You will need
1 onion, cut into wedges
1 carrot, diced or sliced
1 stalk celery, sliced
6 vine tomatoes, cut into wedges
1 large red pepper, cut into chunks
1 clove garlic, skin left on
1/2 tsp dried oregano
good pinch black pepper
1 tbs olive oil
350ml tomato passata
1 vegetable stock cube (check it's gluten free) made up with 1 litre boiling water
4 slices Warburtons Gluten Free White Loaf
4 handfuls grated cheese (we like a mix of red cheddar and mozzarella or Lancashire)
Black pepper
Sour cream
Fresh parsley
Make it
1 hour | Serves 4-5
- Preheat the oven to 160ºC fan/180ºC conventional/ Gas 4
- Place the onion, carrot, celery, fresh tomato and red pepper onto a roasting tin or tray. Smash the garlic with the side of a large knife blade and add to the vegetables, unpeeled. Add the oregano and season with black pepper then drizzle with the oil.
- Roast in the oven for about 45 minutes, stirring half way through.
- Squeeze the garlic out of its skin and discard the skin Leave to cool for a few minutes
- Transfer all the roasted vegetables to a food processor or blender and whizz to a fairly smooth pulp. Add to a large pan and stir in the passata and vegetable stock. Simmer for 5-10 minutes and check the seasoning.

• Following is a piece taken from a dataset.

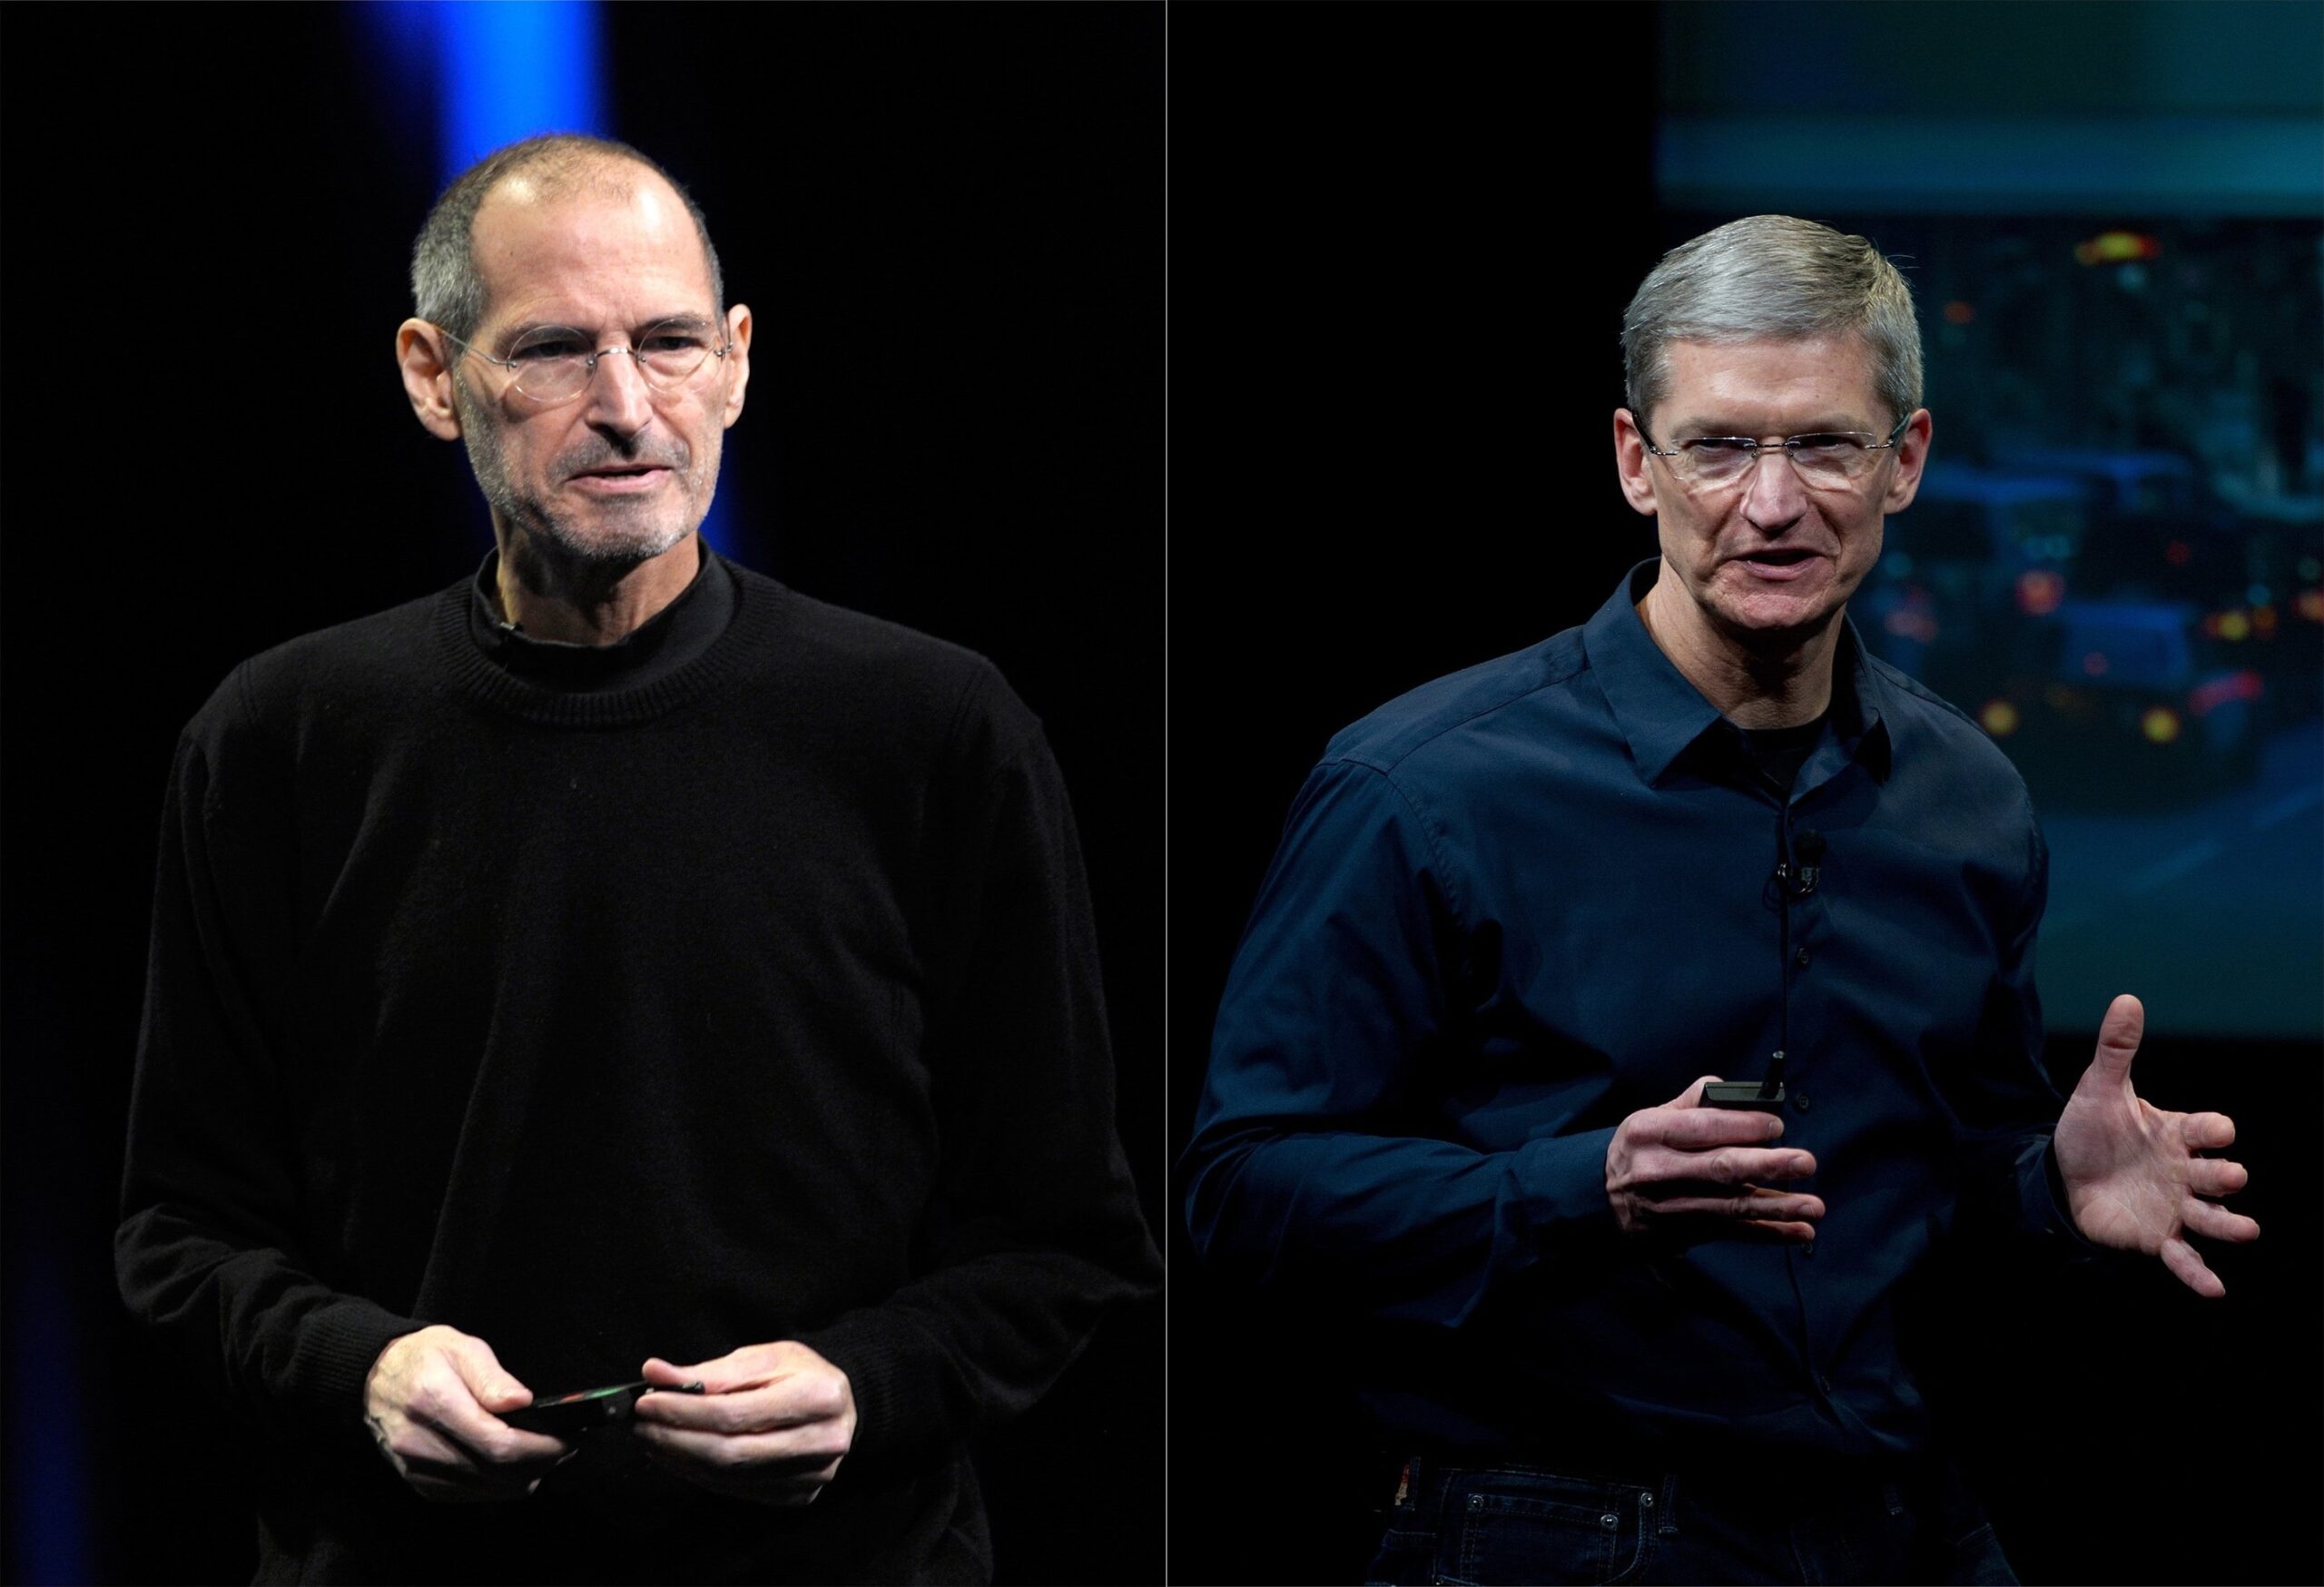 Montagem com fotos de Steve Jobs e Tim Cook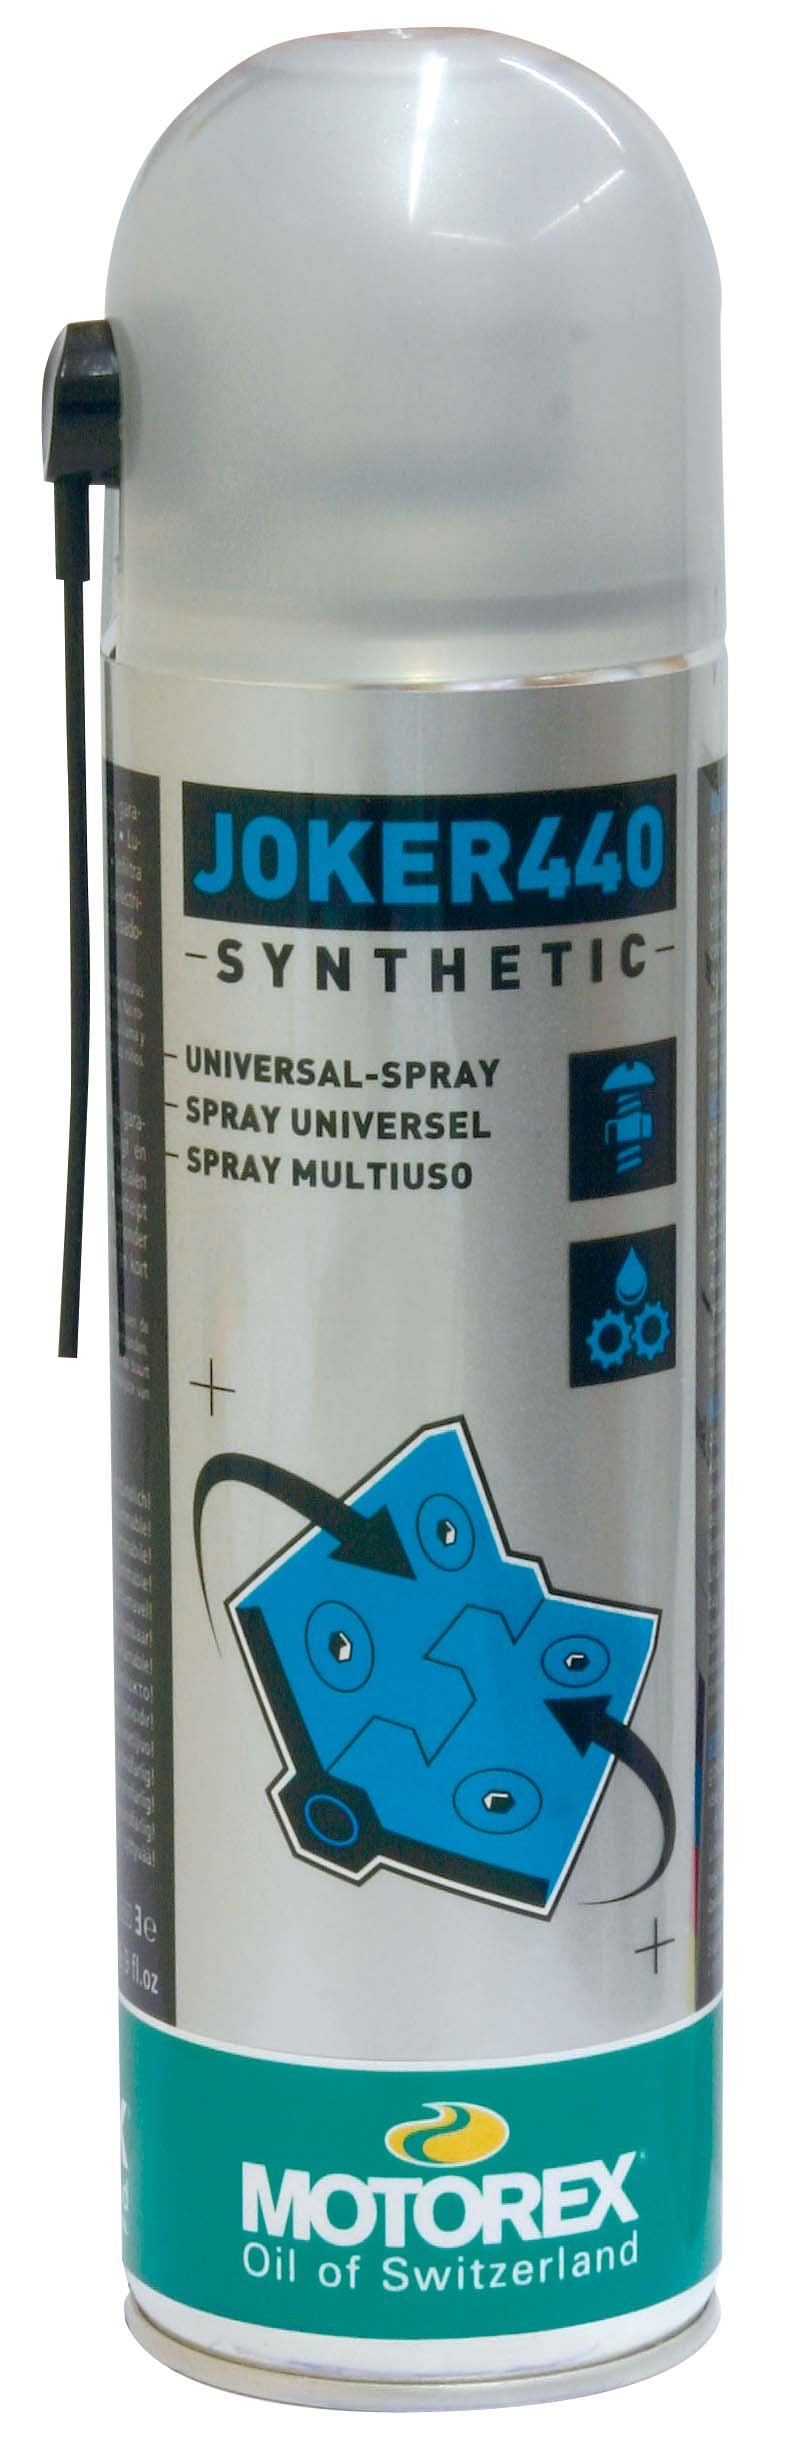 Motorex Joker 440 Universal Spray 0,5l von Motorex

- When the soup is almost ready, preheat the grill and toast the bread on one side. Turn over and add the cheese then return to a medium grill and cook until the cheese is melted, golden and bubbly. Cut in half
- Ladle the soup into warmed bowls and add a swirl of sour cream. Scatter over some chopped parsley and a grind of black pepper and serve with the toasts on the side for dipping.